After all this, like some newly-dispatched general interesting himself in the pastimes of the common soldier, he gestured toward the croquet hoops and to the mallets lying abandoned on the grass, saying: “And was a battle of croquet about to commence when I so rudely made my entrance? And if so, can I atone for my intrusion by taking part? I’ll be an asset to any side I join, I promise you. I’m something of a dab hand after so many games on the lawn at the back of The Crooked Billet, Lewisham. Don’t you remember, Martin? Second Saturday in June last year, if I’m not mistaken. Crikey, if our team’s fortunes had been left to you . . .” He chuckled at this dire possibility. “But happily, they weren’t. One William Postgate was at hand to do the necessary.”
So soon we were reorganizing ourselves for another match. But Will’s brand of male panache scared off the girls, for firs
t Lucinda, then Lotty, declared they’d rather watch than play.
“Oh, I’m sorry to hear this, Miss Hough,” said Will to Lucinda. “You would have been a team’s greatest adornment.”
“I shouldn’t have thought teams wanted adornments, only good players!” riposted Lucinda. Which made Will laugh and say: “Touché! . . . You and my friend Martin seemed locked in a very serious conversation when I burst in on the scene here. Putting the world to rights, were you?”
He so patently didn’t think that was what we were doing that I piped up: “In a way, yes! Lucinda was expressing her belief that children everywhere, but particularly in the poorer areas of towns, should be in touch with nature, should know the names and features of the plants and animals all ’round them.” Well, if that doesn’t sound like a “serious conversation”, I thought, I don’t know what does.
Oh, if only I had never said all that! Will, slapping his right thigh, now exclaimed: “A woman after my own heart. I’m forever saying how London kids should be made more aware of nature, which affects them all the time without their realizing it. Expanding children’s knowledge of the world is quite a little hobby-horse of mine.” Was it? First time I was aware of it, but then Will’s certainly was an active mind and doubtless he had many hobby-horses he hadn’t seen fit to let me in on. “We must talk about this more, swap ideas . . . Anyway, back to really important business. To whit, croquet. And after we’re done, I shall make sketches of you all. Brought my block of artist’s sheets along for no other purpose.”

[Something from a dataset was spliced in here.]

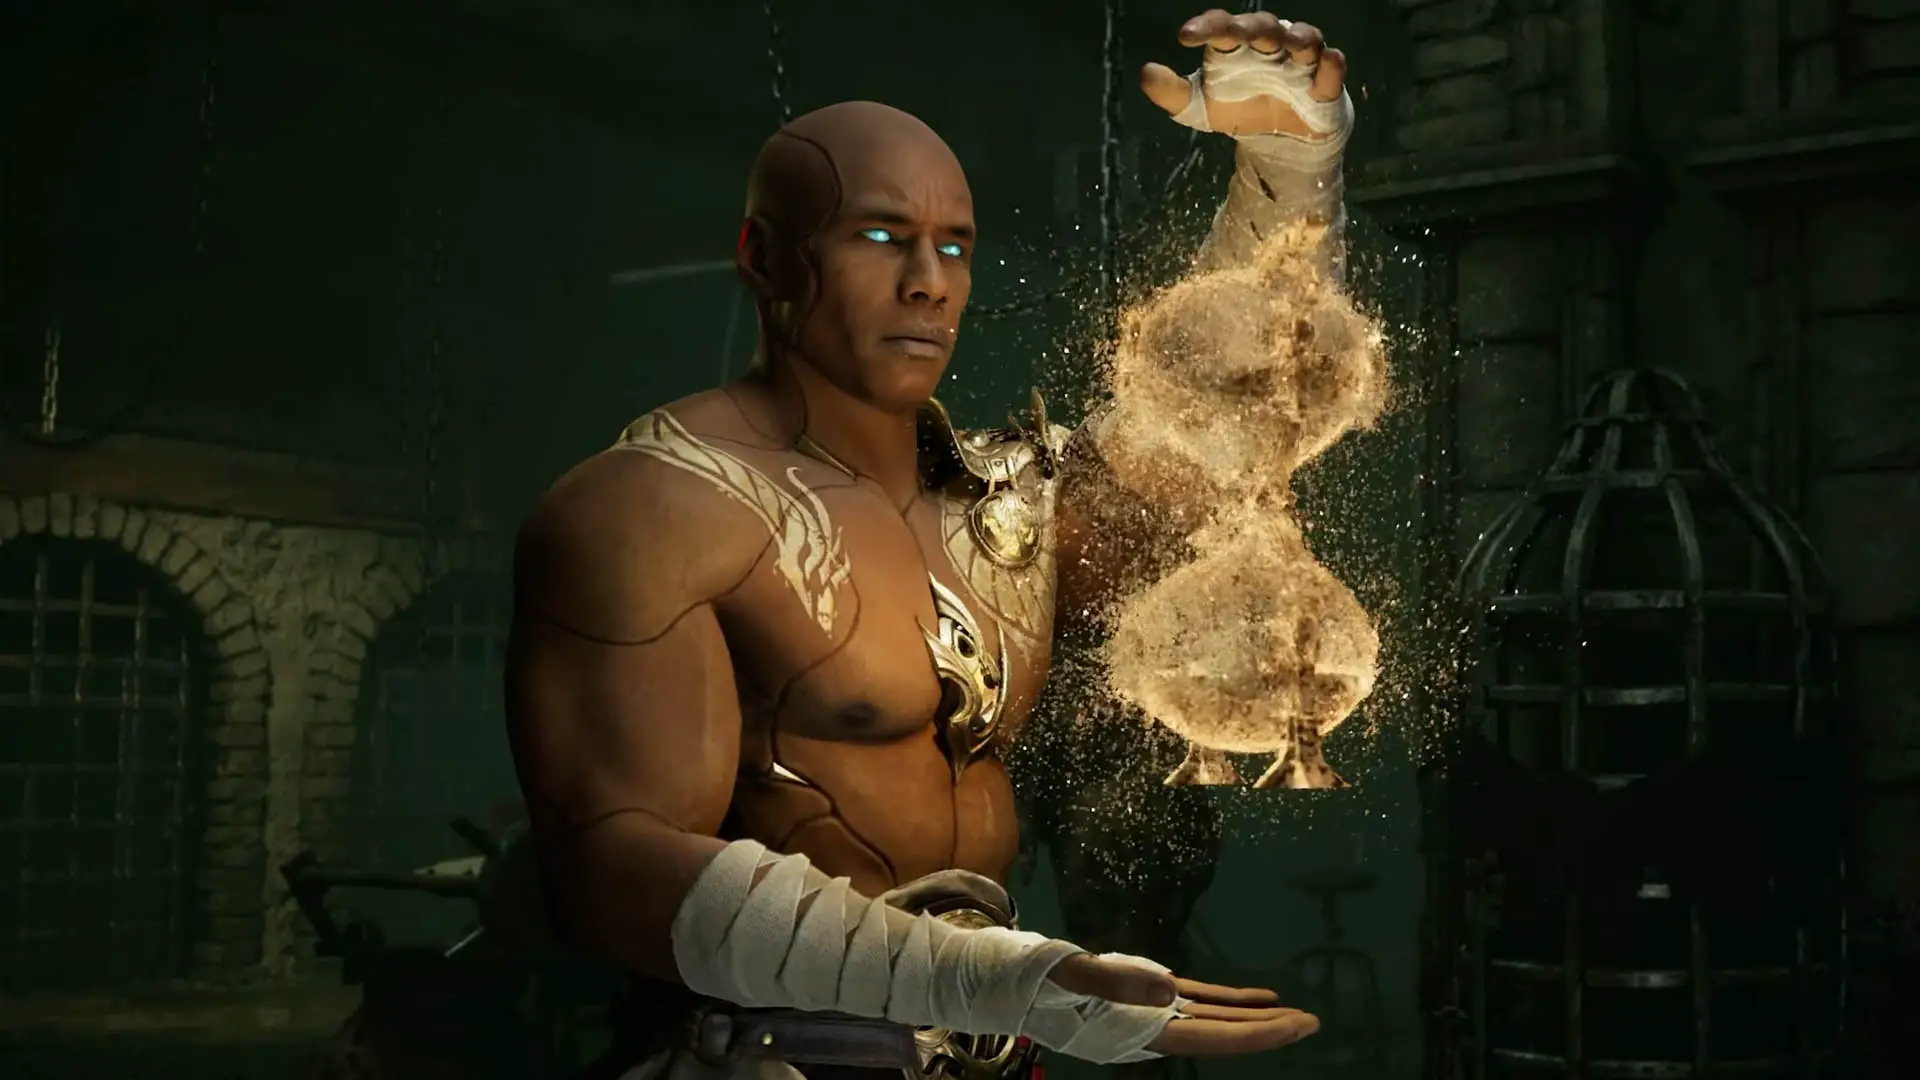 Герас подтвержден для Mortal Kombat 1 с новым трейлером «Хранители времени»

The two new teams were as follows:
THE BLACK AND BLUE TEAM: Cyril Hough, George Hough, and Martin Bridges;
THE RED AND YELLOW TEAM: Edmund Hough, Barton Cunningham, and William Postgate.
The Red and Yellow team won handsomely, though not before a fit of temper from George who claimed that Mr. Postgate had cheated, and threw his mallet down in outrage at this. Only after I had taken George aside behind the largest hawthorn, and flattered him while decrying this intruding friend of mine, was peace restored.